- [What to do]: Set down all of the entries below word for word, with the pictures left out.

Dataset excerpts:
=-=-=-=-=

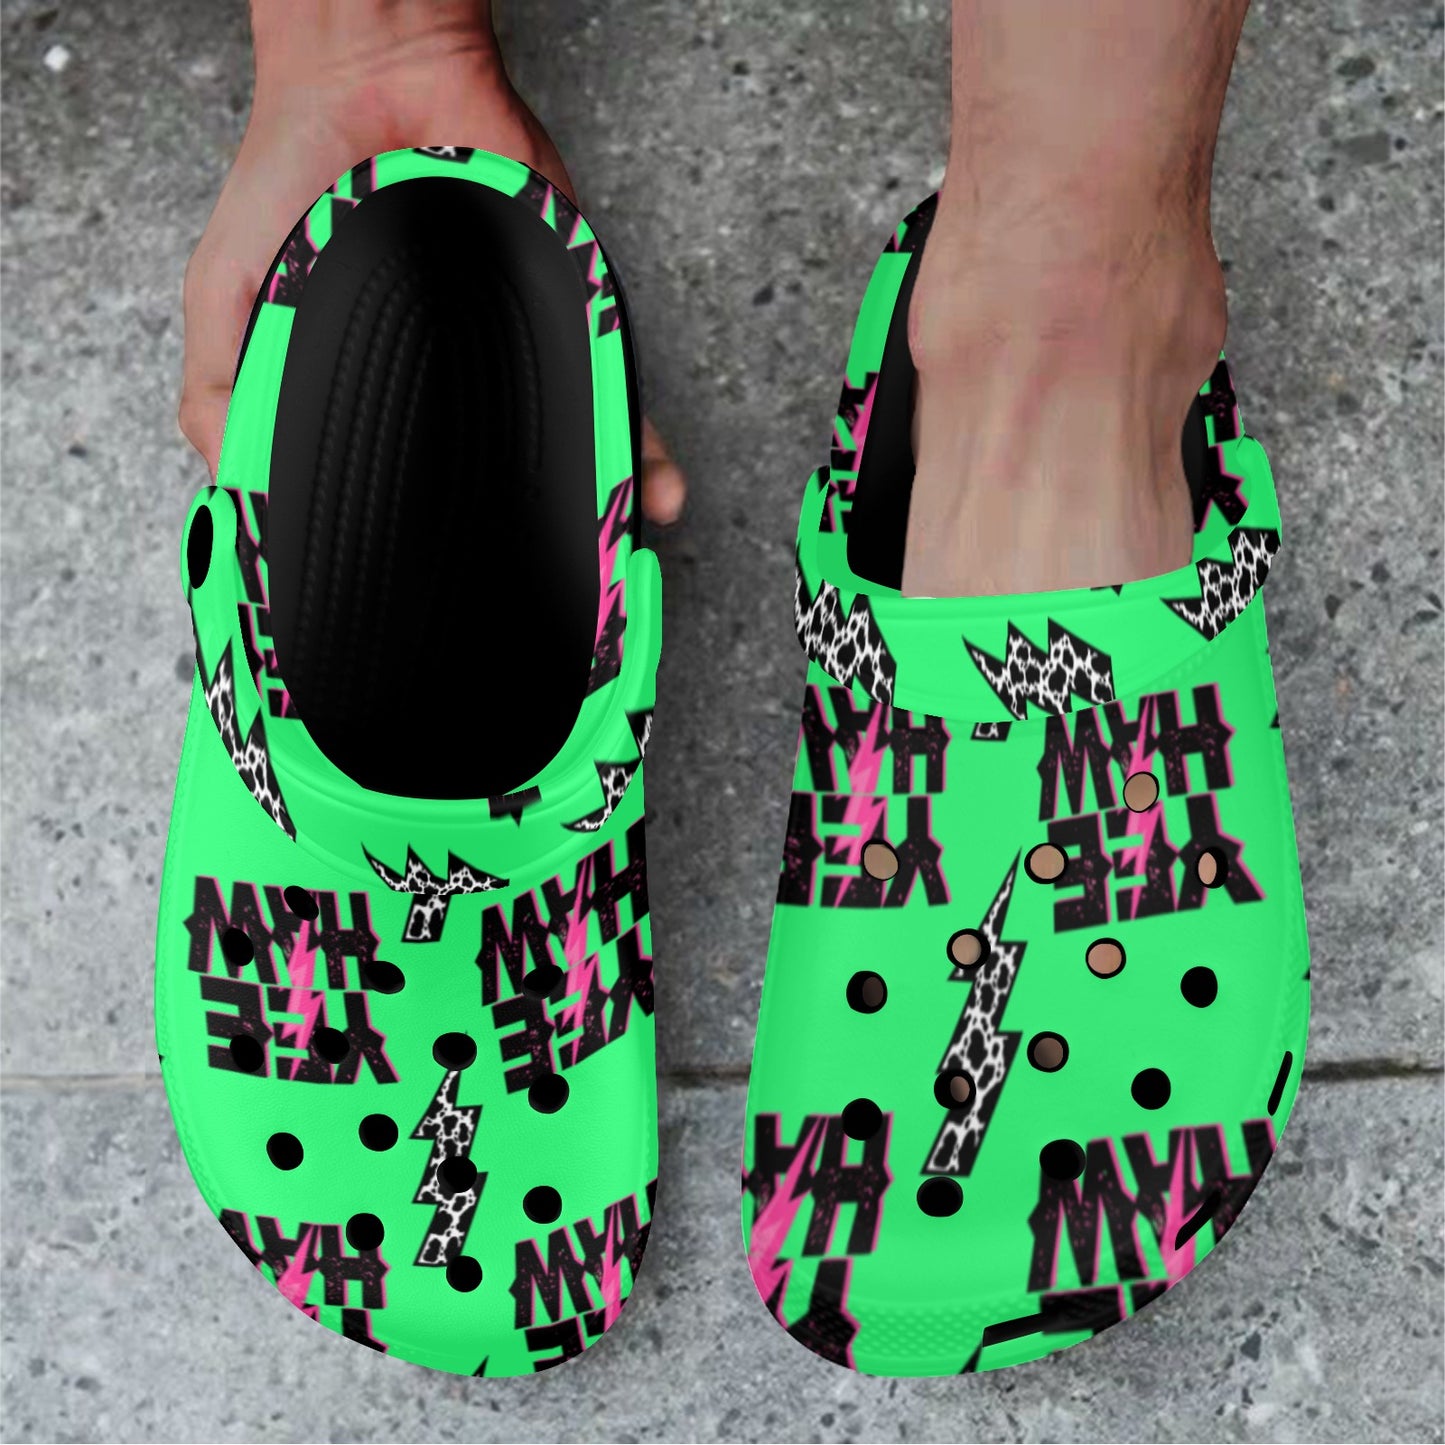 Neon Yeehaw Clog Shoes
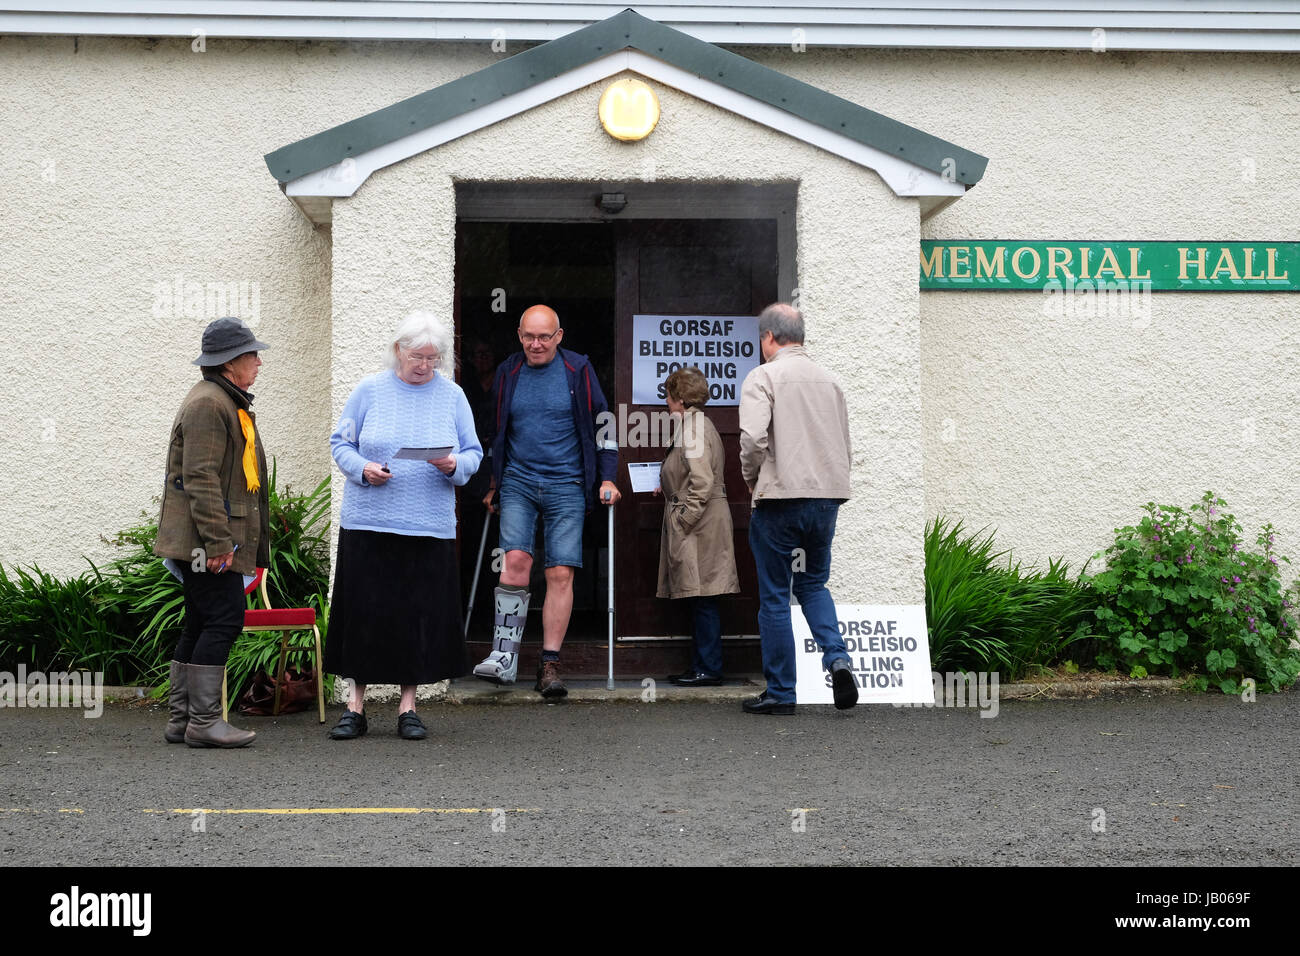 Presteigne, Powys, Wales, UK - Jeudi 8 Juin 2017 - Les électeurs arrivent dans la pluie et bruine d'exercer leur droit de vote dans l'élection générale britannique Steven - mai/Alamy Live News Banque D'Images
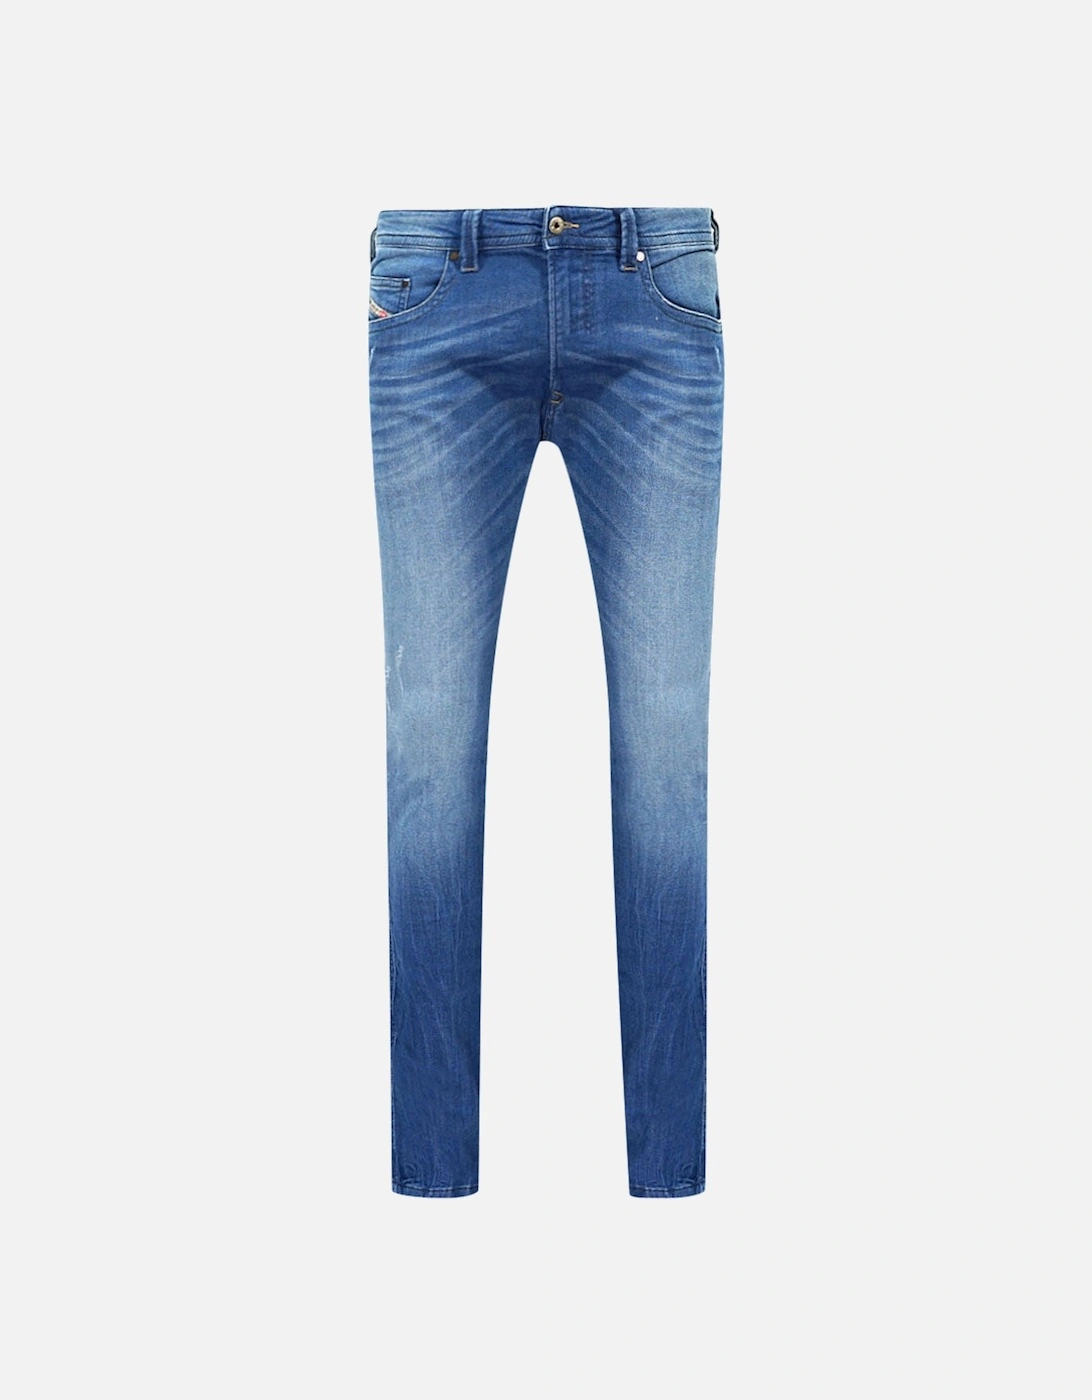 Thavar-NE 0837T Jeans, 6 of 5
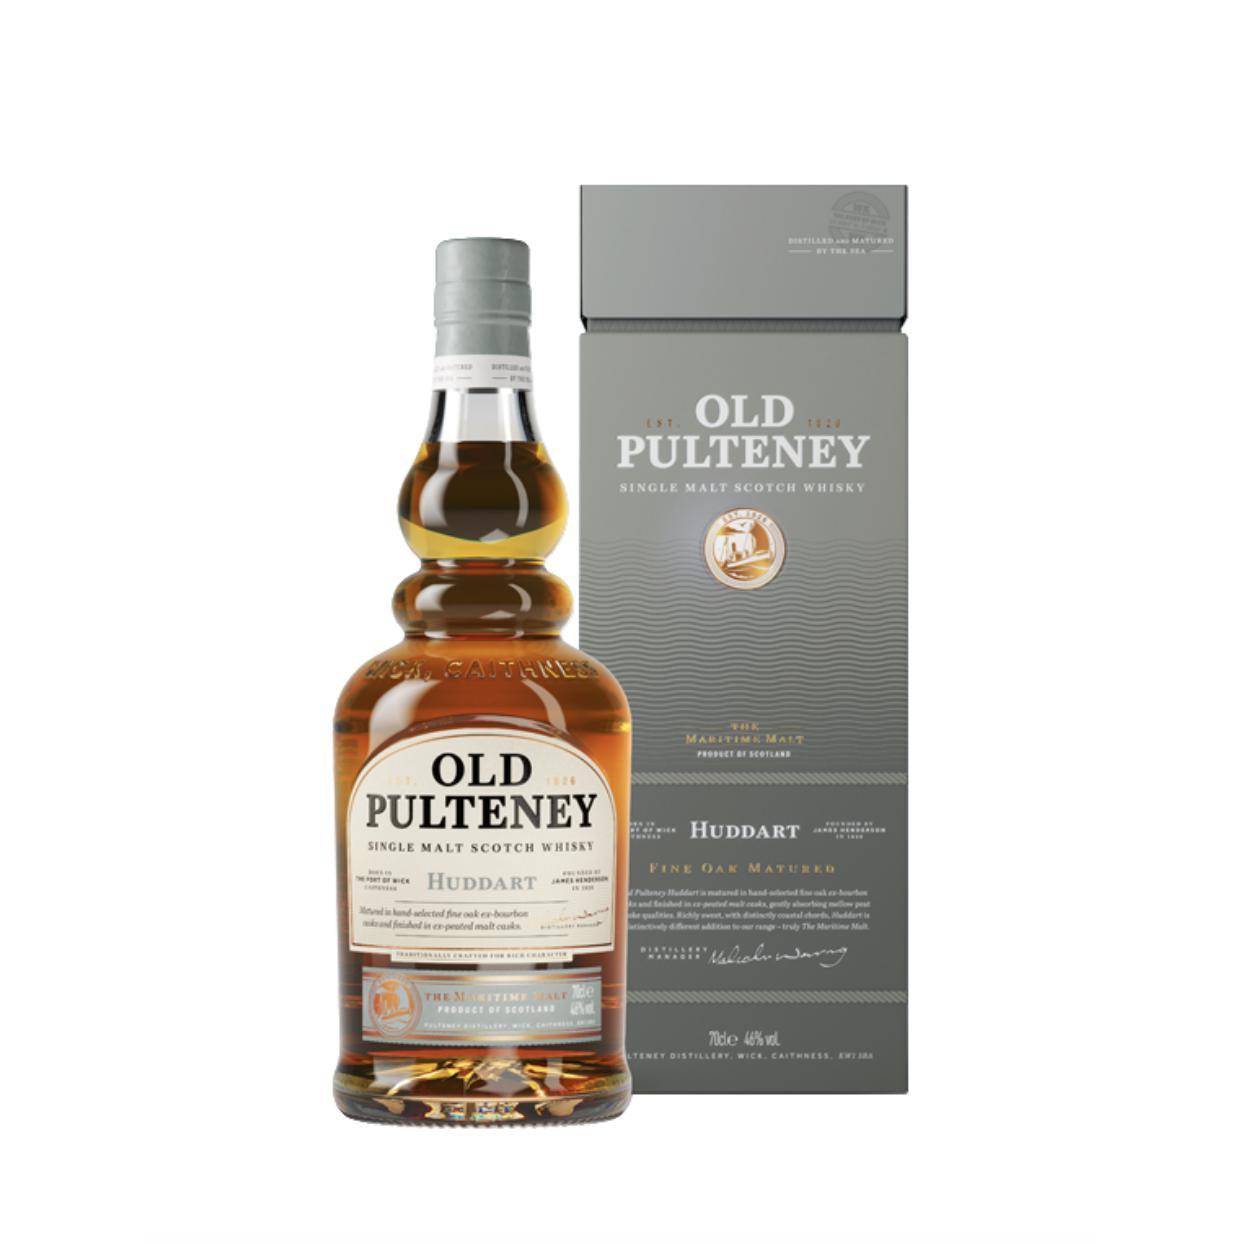 Old Pulteney Single Malt Scotch Whisky Huddart Fine Oak Matured
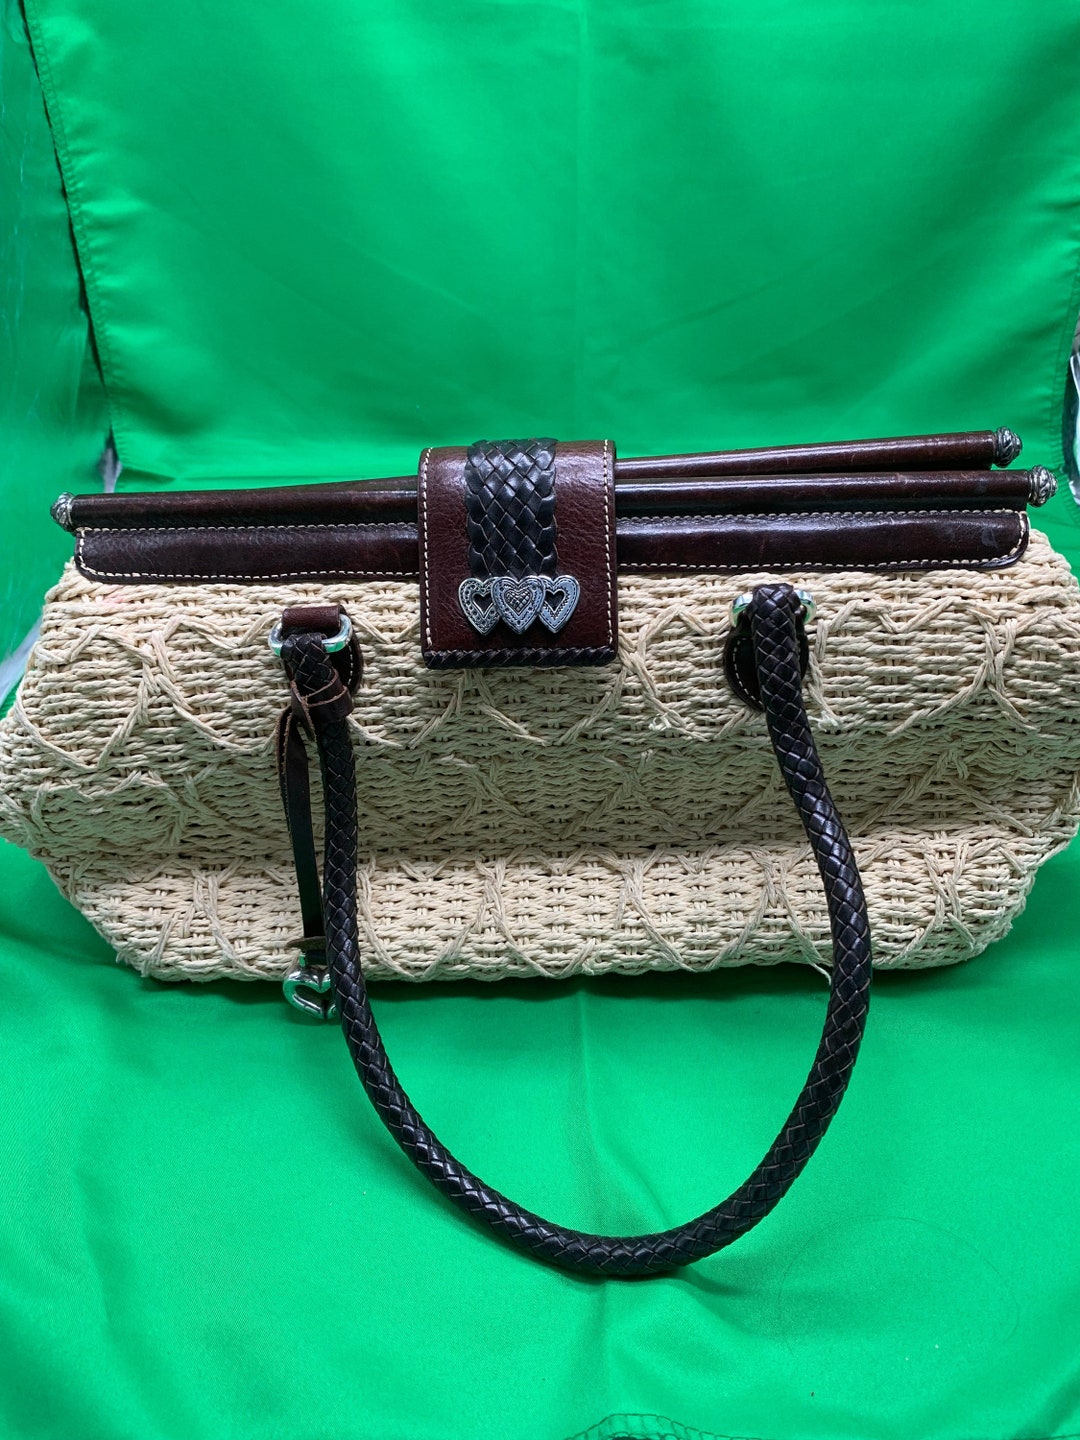 A Brighton Straw Handbag With Leather Trim. - Etsy

=-=-=-=-=

- [Answer]:
 Neon Yeehaw Clog Shoes
 Presteigne, Powys, Wales, UK - Jeudi 8 Juin 2017 - Les électeurs arrivent dans la pluie et bruine d'exercer leur droit de vote dans l'élection générale britannique Steven - mai/Alamy Live News Banque D'Images
 Thavar-NE 0837T Jeans, 6 of 5
 Old Pulteney Single Malt Scotch Whisky Huddart Fine Oak Matured
 A Brighton Straw Handbag With Leather Trim. - Etsy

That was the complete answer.